Corporate speak, weasel words and corporate maggots

STOP! The weasel words, corporate speak and subterfuge are doing all of our heads in. These treacherous economic times are tough enough but the lack of straight talk is ringing alarm bells. And it’s everywhere. Chronic overuse of what appears to be conversational time savers — but are actually fact-warpers — means people are diverting to a cliche generator and truth diluter.

Let’s face it, when it comes to cold, hard truth often the best option is lying.

In these harsh times of economic rationalism (sacking) restructuring (sacking) and merit-assessed and incentive-based liquidation and redirecting of human resources (sacking) the bulldust detector is invaluable.

Don’t listen to what they’re saying. Listen to what they’re not saying. That’s where the truth is. And the truth will set you free. Well, that’s according to John 8:32. Look it up. I’m a Bible-quoting atheist.

The words synergise, incentivise, monitise, optimise and virtualise cannot be trusted (and yes they are real words, look them up). And anyone who knows what “disintermediate” means should throw themselves into the nearest pit of boiling lava. The terms that comprise the axis of bulldust are mission statement, core values and client-focused. If you hear all three in any one meeting jump on the table and scream, “Say what you mean you slimy, gutless corporate maggots”.

You can’t handle the truth? Just try me. This is the conversation I’d like to hear:

“Come in to my office, Buchanan. You’ve been here for years, are very good at your job and are paid what you think is a decent wage but had you decided to walk away this time last year we would have doubled it. We’re the only ones who know your value and we’re not going to tell you because our job is to pay the lowest price we can because we’re a business.

“The new board is scared witless of you because you know more than they do and you’re not afraid to say it. And sure, you and I both know they’re just a bunch of jumped-up electricians and rich plumbers but they think they’re intellectuals, visionaries and worse still, creative. Yeah, I know, I have to go along with it because I’ve got kids in private schools and it’s simply a matter of time before I’m going to need a Harley-Davidson motorcycle, a 30-metre yacht or be banging a 21-year-old personal assistant to fill that gaping hole inside me.

“As you know I’ve been given a promotion to recognise the relentless sucking up I’ve done over the past 10 years to make up for my lack of ability. If you’ve seen me in action you’d agree that what I actually deserve is a medal as big as a dartboard. I’m not sure it’s worth it either but here I am.
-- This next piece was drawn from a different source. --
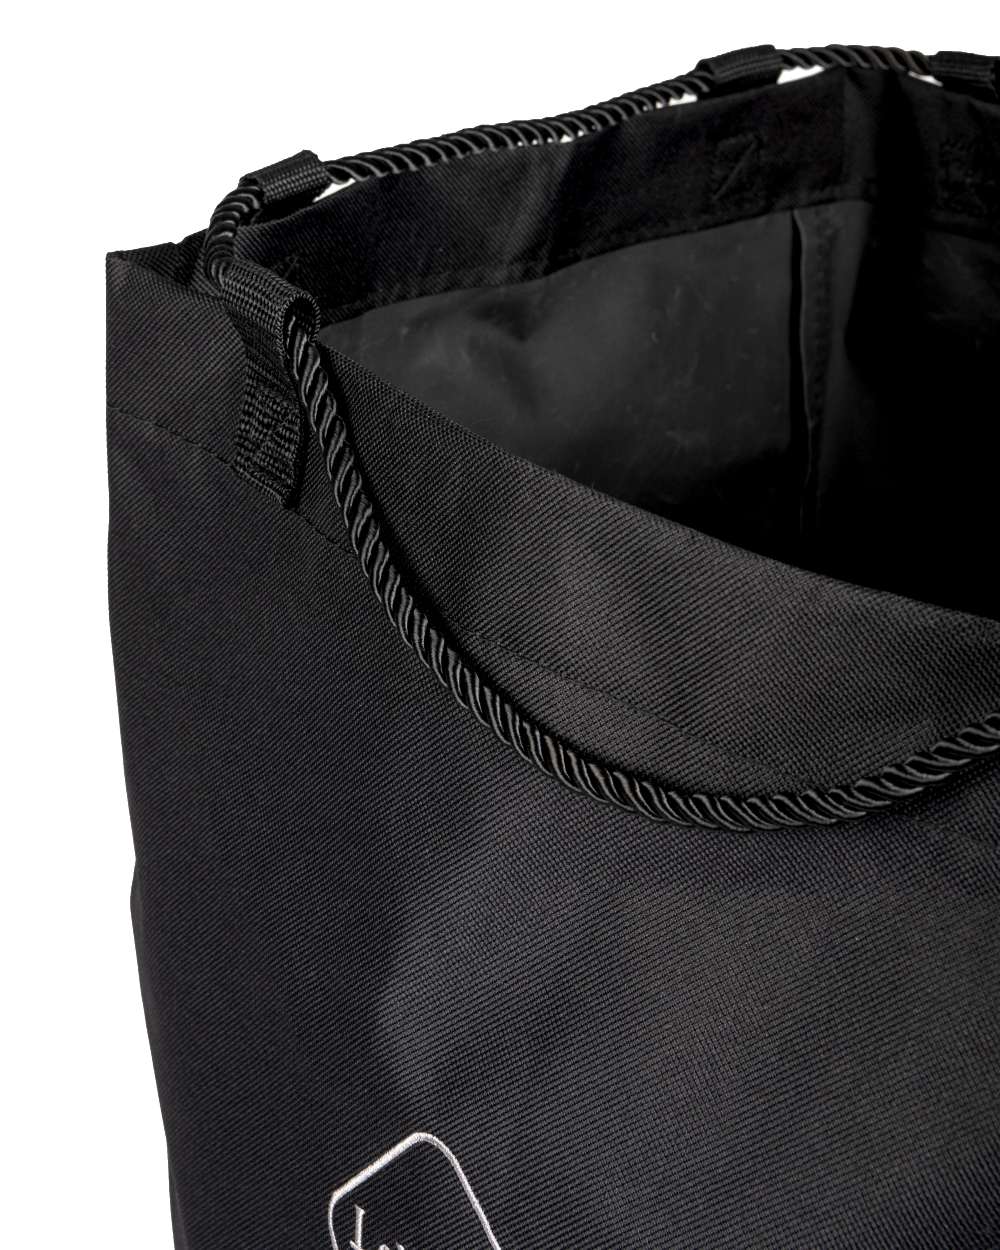 Black coloured LeMieux Hay Tidy Bag on white background

Check out the view.

“So, the more costs I cut the bigger bonus I get. The board is leaning on me because the more money I save them, the heftier their pay cheques because the juicier the shareholders’ dividends. You know that saying ‘kill one, scare millions’? Firing you will keep everyone in a state of fear, which means we can pay them whatever we want and treat them however we like. Treat ’em mean, keep ’em keen.

“We’ll be replacing you with someone half the price who is enthusiastic but has no experience so we can mould them to fit our New Regime. They’ll feel eternally grateful to have a job in this stormy economic climate. Mmmm, smell that unpaid overtime!

“Fear’s a great motivator. If it doesn’t work out the board members will just activate their golden parachutes and I’ll eject to safety with a cushy package if I haven’t died of a brain aneurysm, heart attack or stroke already. Something stress-related but slightly poetic.

“That talk about the company being a family? Sucked in. All crap. So too the waffle about a variety of voices and passionate individuals. We just said that to keep you all here so things chugged along nicely.

“I bet you thought the Christmas party was us being generous and that it was a thank you for a job well done. It was a simple financial decision. Tax deductible and recommended by the number crunchers to save money on retraining new staff. So anyway, you’re fired.

“You’ll have no problem moving on to bigger and better things because quite frankly you’re bigger and better than all of us. And if you don’t, I couldn’t give a rats. A small part if me wishes I were you. But the rest of me will be driving home in my new $100,000 Mercedes- Benz to my $3.5-million house and having the board members over for a $200-a-head barbie at the weekend.